Meeting these challenges requires economic growth of at least 1.5% to 2% per year. That is the minimum level to keep pace with rising expenditure, but leaves no room for improvement in our purchasing power, better social services and further investment for the future. However, projections by the Netherlands Bureau for Economic Policy Analysis (CPB) show that the Dutch economy will grow by only 0.9% per year in the medium term. Achieving the additional growth needed is not easy. To do so, at least EUR 151 to 187 billion in additional, largely private investment will be needed up to 2035. This investment challenge is central to this report: without this boost, our future (broad-based) prosperity will decline.
International developments are making this challenge even more acute. The United States and China are rapidly increasing their lead in critical technologies. While they are investing heavily in technological self-sufficiency and dominance in critical technologies such as artificial intelligence (AI), semiconductors, drones and biotechnology, the Netherlands is falling further behind. The gap in investment by large European and American companies has grown from 36% to 76% in seven years, to EUR 700 billion per year.
Mario Draghi sounded the alarm last year about Europe's competitiveness. The following two chapters show that the situation in the Netherlands is also critical.

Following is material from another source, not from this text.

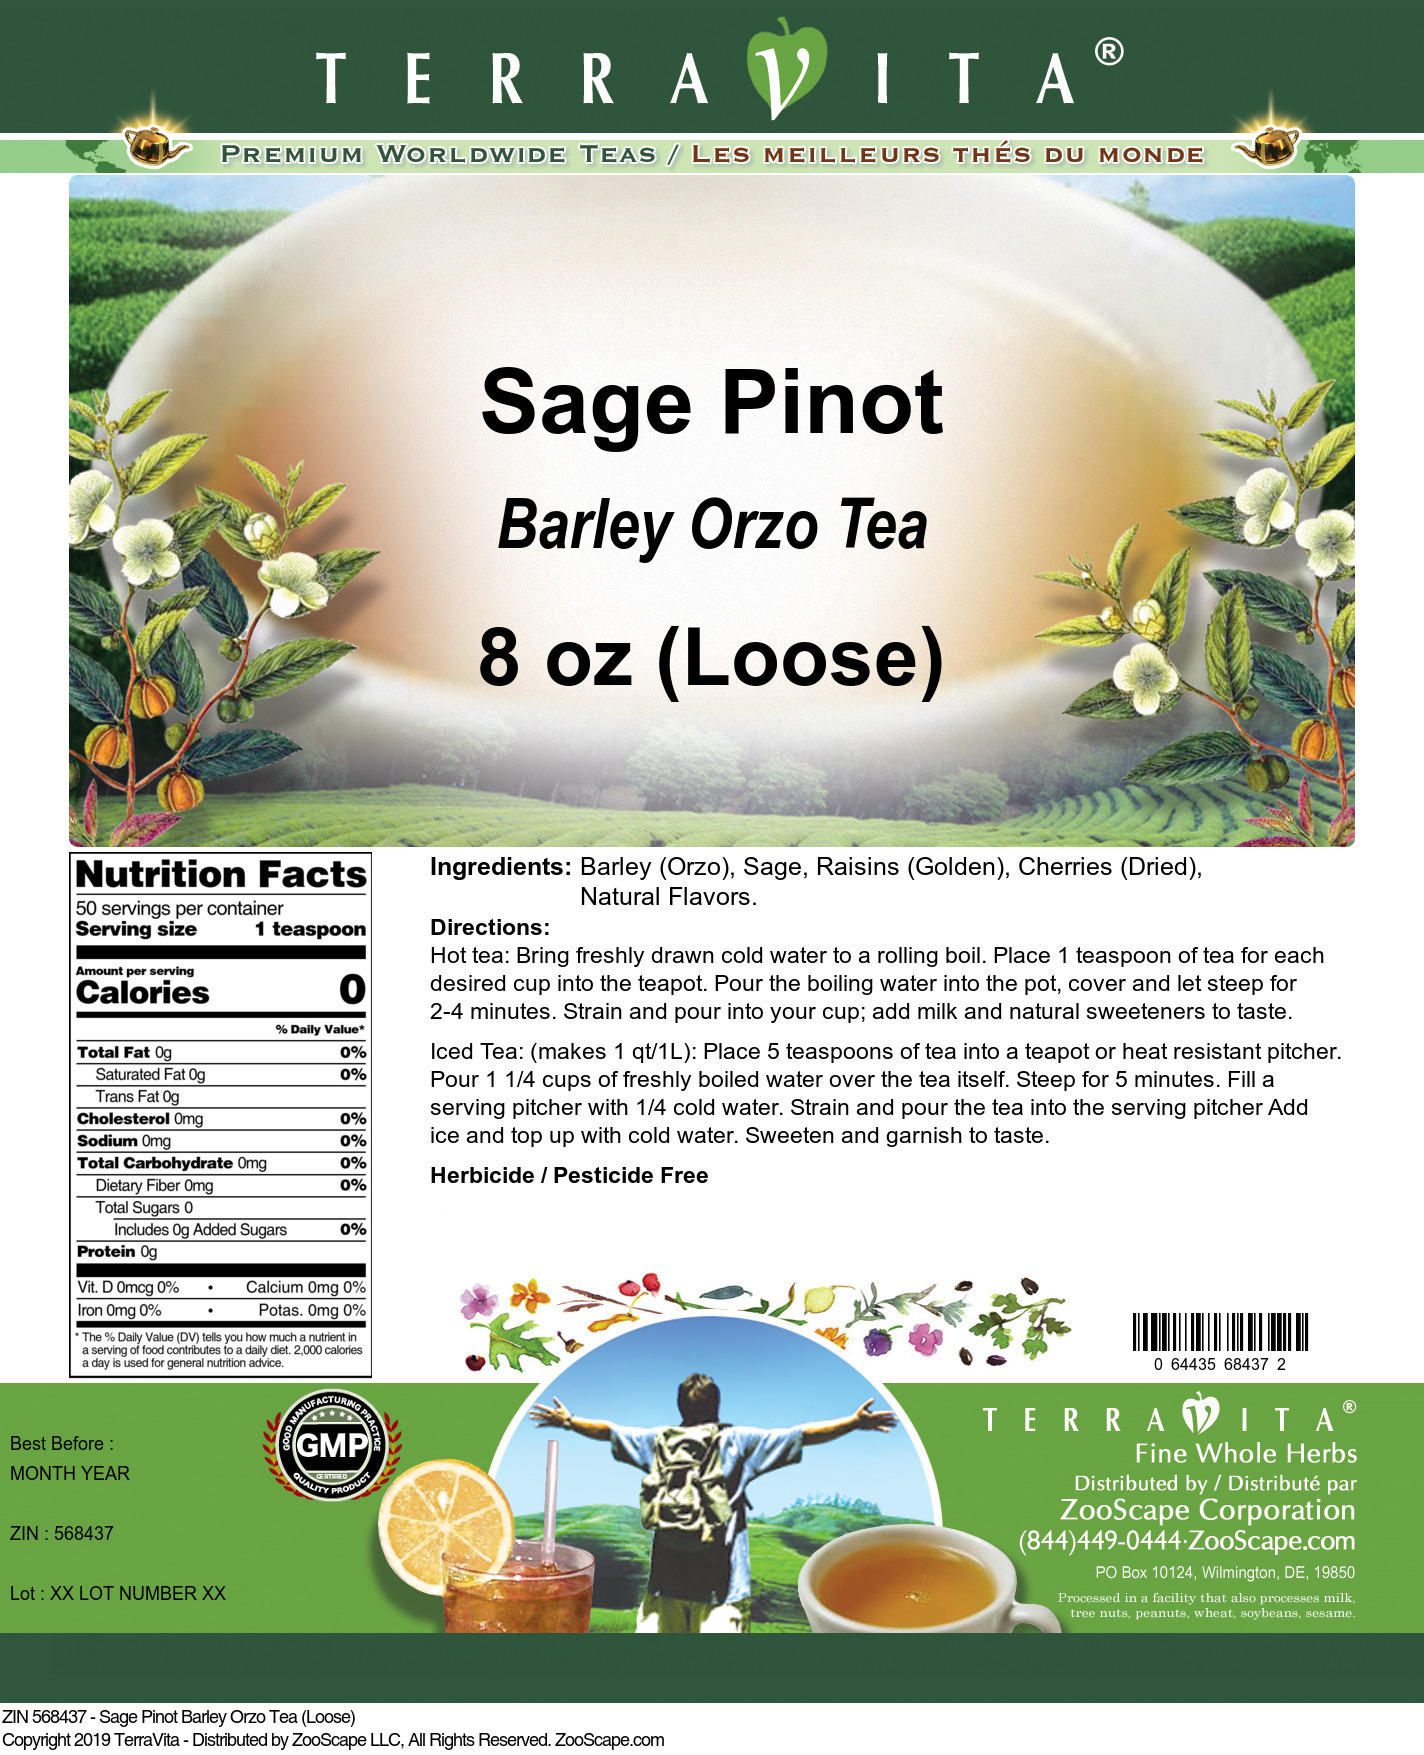 Sage Pinot Barley Orzo

For our future prosperity, it is absolutely essential that we pursue economic growth and increase our strategic relevance. This is not an abstract goal, but a precondition for keeping the Netherlands a prosperous, safe and liveable country in the future.
The Netherlands finds itself at a decisive moment in its economic development. In order to fund our societal transitions, we must generate at least 1.5% to 2% economic growth. The key to this growth lies in rising labour productivity, which requires at least EUR 151 to 187 billion in productivity-enhancing investments. By directing these investments towards socially important domains, everyone can benefit.
"If you don't count technologically, you don't sit at the table - and if you don't sit at the table, you're on the menu."
- Peter Wennink
The Netherlands and Europe are rapidly falling behind China and the US technologically. To remain strategically relevant, the Netherlands must build technological niche positions in four domains: digitalisation and AI, security and resilience, energy and climate technology, and life sciences and biotechnology. This requires significantly higher R&D investments and a much more effective translation of scientific knowledge into commercial applications and scalable businesses.